Like its widely praised, best-selling predecessor, Pattern Theory: The Stochastic Analysis of Real-World Signals, Second Edition treats the mathematical tools, the models themselves, and the computational algorithms for applying statistics to analyze six representative classes of signals of increasing complexity. The book covers patterns in text, sound, and images.
New to theSecond Edition:
- A new chapter discussing Convolutional Neural Networks (CNN's) including the hierarchical structure of, and learning, with CNN's
-Additional topics, including flexible templates in medical applications, Gaussian models for texture synthesis, exponential models and their use.
About the Author: David Mumford is a professor emeritus of applied mathematics at Brown University. His contributions to mathematics fundamentally changed algebraic geometry, including his development of geometric invariant theory and his study of the moduli space of curves. In addition, Dr. Mumford's work in computer vision and pattern theory introduced new mathematical tools andmodels from analysis and differential geometry. He has been the recipient of many prestigious awards, including U.S. National Medal of Science (2010), the Wolf Foundation Prize in Mathematics (2008), the Steele Prize for Mathematical Exposition (2007), the Shaw Prize in Mathematical Sciences (2006), a MacArthur Foundation Fellowship (1987-1992), and the Fields Medal (1974).
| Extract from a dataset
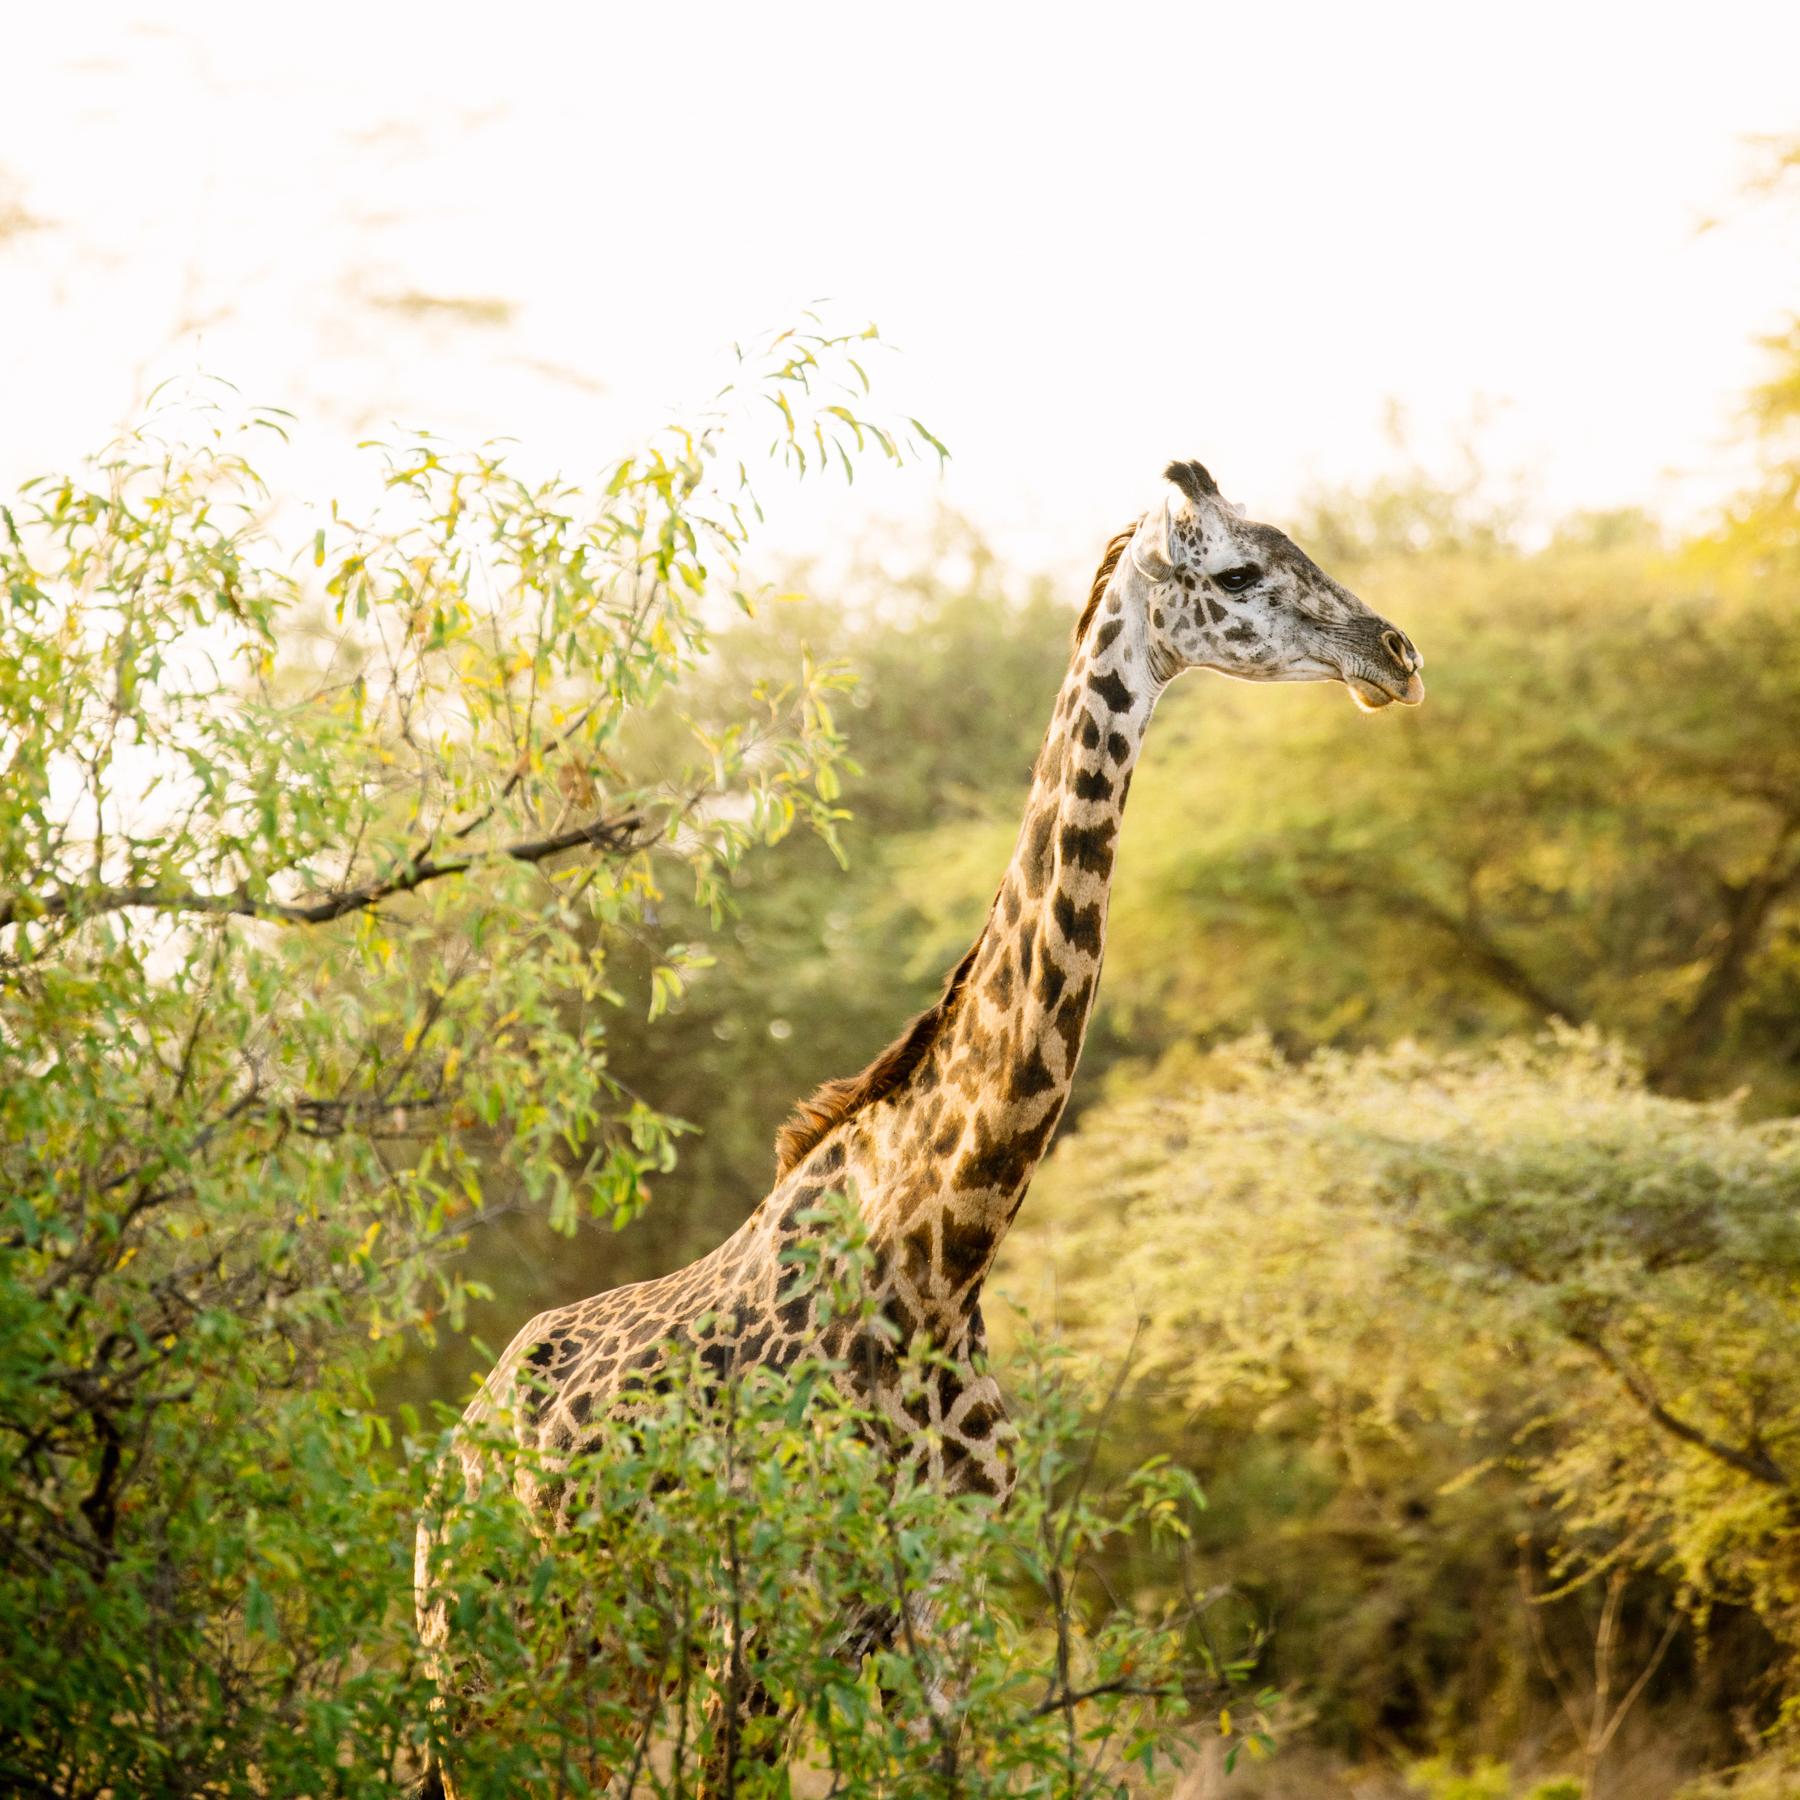 KenyaFeb2019_Safari-99.jpg

Agnès Desolneux is a researcher at CNRS/Université Paris Descartes. A former student of David Mumford's, she earned her Ph.D. in applied mathematics from CMLA, ENS Cachan. Dr. Desolneux's research interests include statistical image analysis, Gestalt theory, mathematical modeling of visual perception, and medical imaging.
Yann Gousseau is a professor at Telecom-ParisTech, Paris. His interests lie in the mathematical modeling of natural images, scaling laws and images, image indexing and contentbased retrieval and, texture analysis and synthesis.